Not that being up and walking guaranteed any sort of escape from such a nightmare. No, Maeve reflected, whether mobile or immobile, one was always alone. Human existence was, ultimately, absolutely lonely. One's mind was much like a too-big house, which no visitor would never entirely explore, and that, truly, was in the visitor's best interest. If only Maeve herself could keep some of her doors more tightly locked against her own prying.

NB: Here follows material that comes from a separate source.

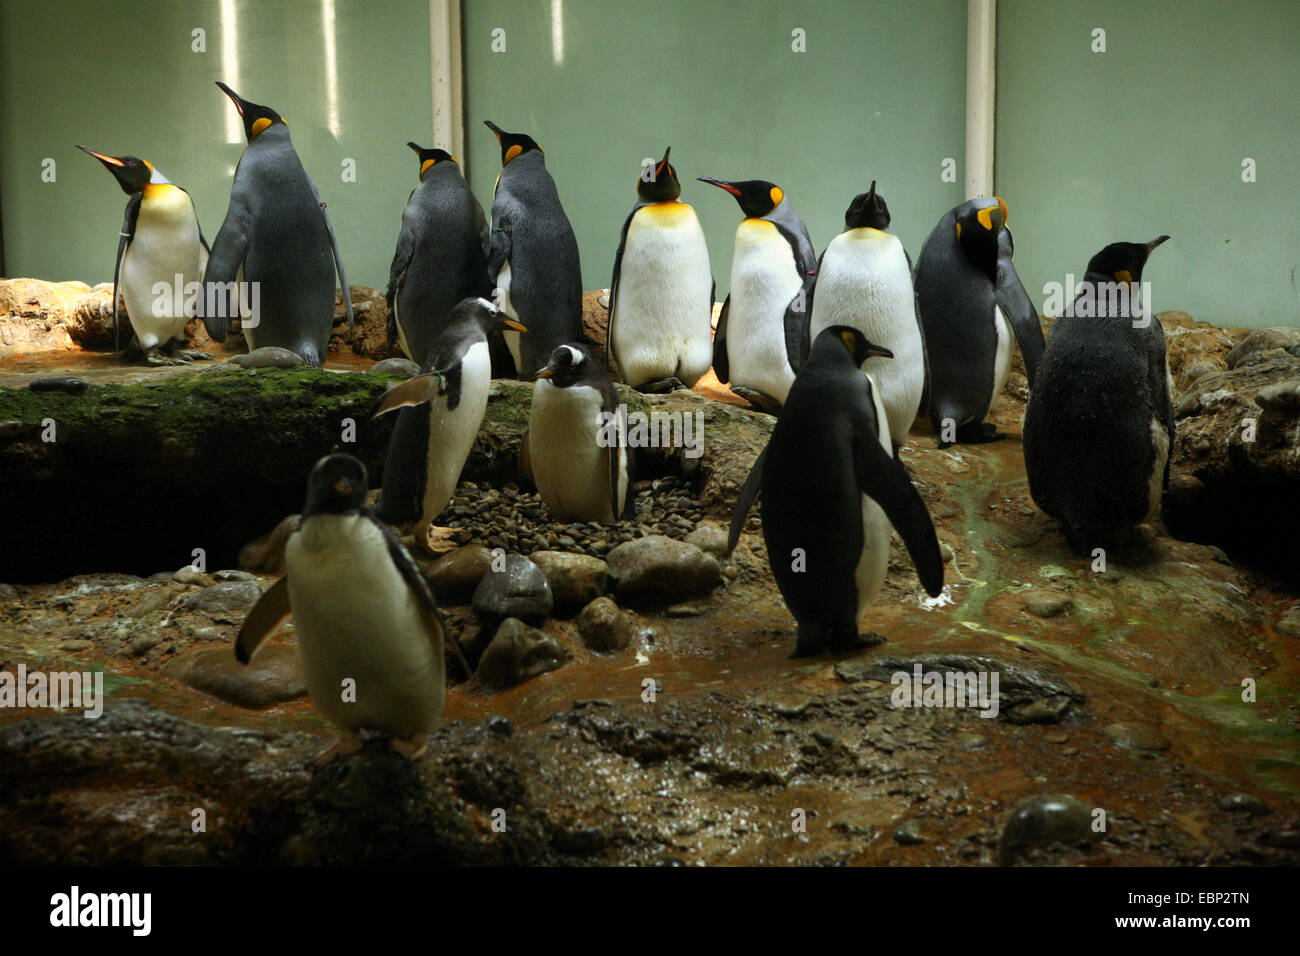 King penguins (Aptenodytes patagonicus) and gentoo penguins (Pygoscelis papua) at Zoo Basel, Switzerland. Gentoo penguins are three smaller penguins seen in the foreground. Stock Photo

The cats began making noise once again, having sated their appetites, and Maeve realized they probably didn't have water, either. So back down she went, dreading the animals, their smell, their twitchy eyes, their presumptuousness, as if she were there only to serve them. And it's where she was--in the kitchen, cleaning up and setting out proper food and water dishes and sneezing--when the police and medics arrived. She quickly directed them upstairs, and there was a to-do for about thirty minutes as she responded to their questions, as they carried the woman down on a gurney, as Alan followed and spoke with the police as well. When all was said and done, Maeve and Alan stood on the sidewalk outside Dottie's feline-filled house.

"She told you three days?"

"Said she'd just been sick, mostly, stayed in bed, then tried to get up and fell," Alan explained, his breath condensing around the both of them. "Took all her strength to throw that book out the window so we'd see it. Lucky we did, too."